F. Tingkatan Mujtahid
Mujtahid adalah sebutan bagi mereka yang secara langsung dapat
mengidentifikasi dan mempelajari metode melalui nash-nash Al-Qur'an
dan As-Sunnah. Mujtahid memiliki kemampuan dan kemampuan khusus
untuk melakukan ijtihad. Ijtihad berarti kejujuran. Sedangkan menurut
Imam Ghazaly, mendefinisikan Ijutihard sebagai, dalam istilah itu,
langkah signifikan yang diambil oleh Mujitahid untuk mempelajari
Hukum Syala. Mujtahid dikategorikan ke dalam empat tingkatan
berdasarkan tugasnya, diantaranya sebagai berikut :
1. Mujtahid Mustaqil
Mujtahid Mustaqil dapat menerbitkan aturan untuk dirinya sendiri dan
orang lain yang ingin menjalankan ijtihad. Mereka lebih fokus
mempelajari hukum.
Untuk mencapai tahap ini, Mujtahid harus memenuhi syarat-syarat
tertentu. Untuk golongan yang termasuk dalam tingkatan ini, Madzhab
seperti Imam Maliki, Imam Hanafi, Imam Gazari, Imam Hanbali.
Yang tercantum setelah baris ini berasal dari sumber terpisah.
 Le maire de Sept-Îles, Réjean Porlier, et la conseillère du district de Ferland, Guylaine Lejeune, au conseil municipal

2. Mujtahid mutlak ghairu mustaqal
7 Moh Zuhri, Ilmu Ushul Fiqh (Semarang: PT. Dina Utama, 1994), h. 78
Pada tingkatan ini, seorang mujtahid tidak menciptakan kaidahnya
sendiri. Mereka berpedoman pada hukum-hukum yang telah ditetapkan
oleh para imam madzhab. Mereka tidak dikategorikan taqlid kepada
imamnya, melainkan lebih mengikuti jalan yang ditempuh para imam.
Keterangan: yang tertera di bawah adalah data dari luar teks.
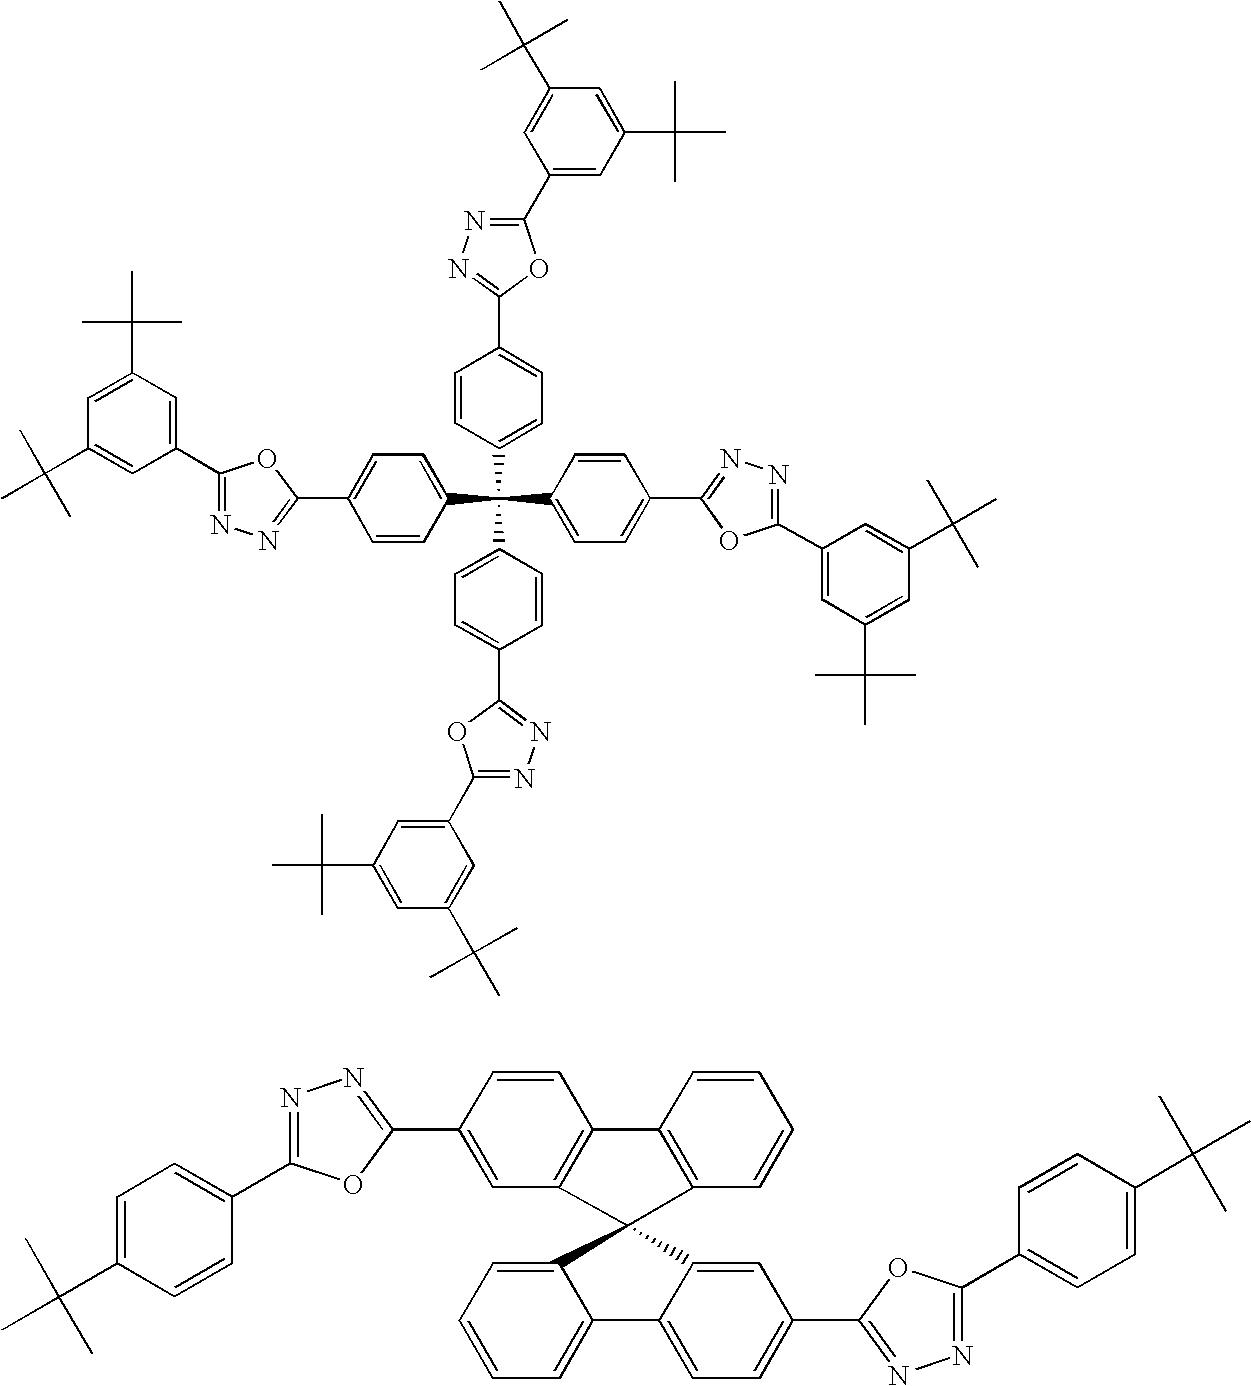 Figure US20090246664A1-20091001-C00029

Tokoh yang berada di tingkatan mujtahid mutlak ghairu mustaqal di
antaranya Abu Yusuf dan Muhammad Jafar dari Hanafiyah.
3. Mujtahid takhrij
Pada tingkat ini, Mujtahid sangat terikat dengan imamnya. Anda diberi
kebebasan untuk menentukan alasan berdasarkan dalil Al-Qur'an dan
As-Sunnah. Namun, ketentuan hukum yang berlaku tidak boleh
menyimpang dari aturan yang diterapkan oleh imam. Orang-orang di
pesawat Mujtahid Takhrij adalah Hasanbin Ziyad dan Ibn Qayyim.
4. Mujtahid Tarji
Dengan kata lain, Mujtahid belum mencapai tingkatan Mujtahid
Takahrij. Imam Nawawi, dalam Majum ini, menetapkan bahwa
Mujtahid Tarji adalah seorang faqih (memahami aturan Islam) dalam
hal ilmu pengetahuan. Anda tahu frasa tentang bagaimana lebih
mengingat aturan Imam, bagaimana menentukan hukum dan
bagaimana mengetahui frasa yang lebih kuat yang digunakan untuk
referensi. Mujtahid Tarjih diyakini memiliki pemahaman yang lebih
luas daripada Takahrij.8
BAB III
PENUTUP
A. KESIMPULAN
Ahli ushul fiqh menambahkan kata-kata “al-faqih” dalam definisi tersebut
sehingga definisi ijtihad adalah pencurahan seorang faqih atas semua
kemampuannya. Sehingga Imam Syaukani memberi komentar bahwa
penambahan faqih tersebut merupakan suatu keharusan. Sebab pencurahan yang
8 H. Mohammad Daud Ali, Hukum Islam: Pengantar Ilmu Hukum dan Tata Hukum di Indonesia (Jakarta: raja Grafindo Persada, 2007), h. 118.
dilakukan oleh orang yang bukan faqih tidak disebut ijtihad menurut istilah.
Didalam ijtihad ada tiga sumber hukum yakni Al-Quran, Hadis dan Ijma.
Didalam Alquran dijelaskan dalam firman Allah Surah An-Nisaa ayat 105,
Surag An-Nisa ayat 59 dan Al-Hasyr ayat 2.
DAFTAR PUSTAKA
Satria Efendi, 1993. Ushul Fiqh, 251-255; Dede Rosyada, Hukum Islam dan
Pranata Sosial Jakarta: PT. Raja Rafindo Persada, 115-116.
H. Mohammad Daud Ali, 2007. Hukum Islam: Pengantar Ilmu Hukum dan Tata
Hukum di Indonesia, Jakarta: raja Grafindo Persada, h. 118.